HomeBusinessMcDonald's shares plummeted after an E. coli outbreak. Should you respond to...

McDonald’s shares plummeted after an E. coli outbreak. Should you respond to the uncertainty?

McDonald’s (NYSE:MCD) Share prices have fallen following the publication of very worrying news. An E. coli outbreak involving the famous Quarter Pounder burgers spooked investors, sending the stock plummeting 5% in the next trading session.

The question for investors is what impact this will have on the shares. Although Chipotle (NYSE: CMG) having recovered from a similar breakout as it regained customer confidence, investors should not assume they will have a correspondingly large ‘buying opportunity’ with McDonald’s stock. This is why.

Investors sold McDonald’s after a report from the Centers for Disease Control (CDC) detailing an E. coli outbreak.
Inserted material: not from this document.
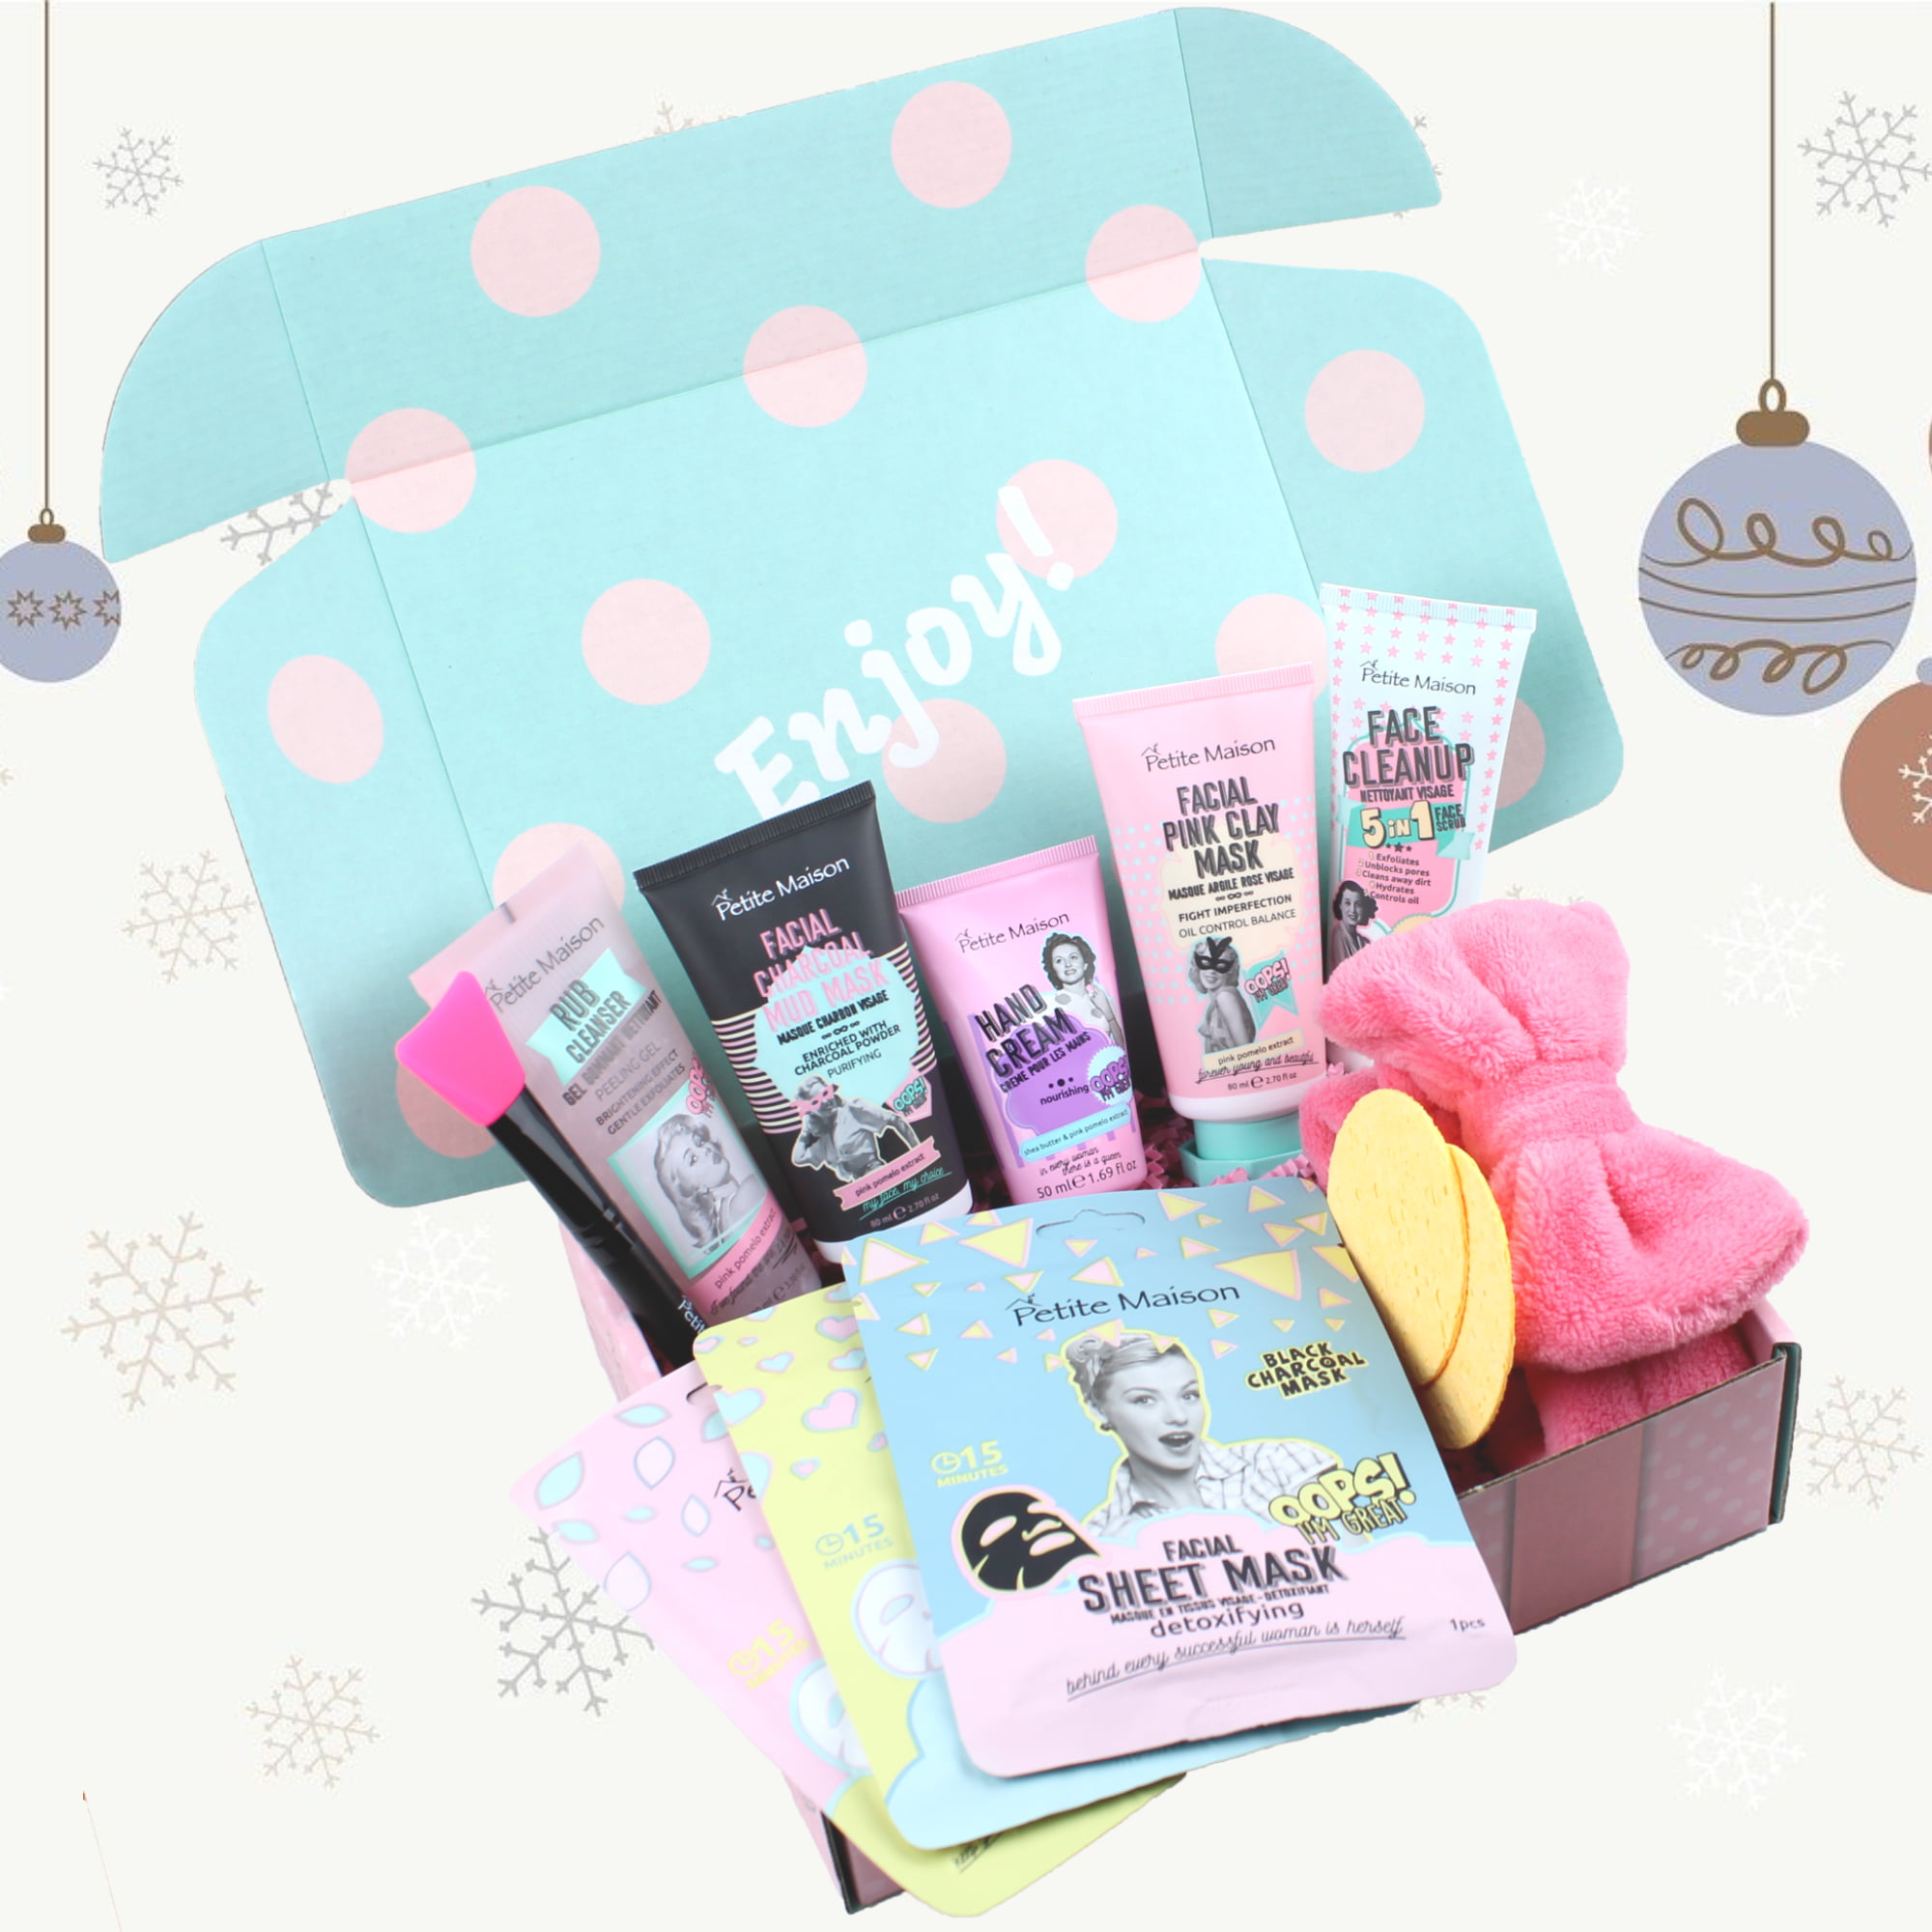  Happy Birthday Gifts for Women – Woman Gift Basket Set, Bday  Box, Unique Friendship Care Package, Female Presents, Surprise Delivery  Boxes - Fun Ideas for Her, Mom, Daughter, Sister, Wife, Friend

It affected customers in ten states, with the outbreak hitting Colorado the hardest. According to the agency, at least 49 people became ill as a result of eating these burgers, one of whom tragically died.

The CDC just released this information and the full extent of the outbreak may not yet be known. Still, out of an abundance of caution, McDonald’s has removed the Quarter Pounder from its menu in affected areas while it investigates the outbreak. Investors can also hear additional news when McDonald’s reports its third-quarter 2024 earnings results.

Whatever happens, the event brings more uncertainty to McDonald’s stock. It could remind restaurant stock investors of the outbreaks Chipotle suffered in the middle of the last decade.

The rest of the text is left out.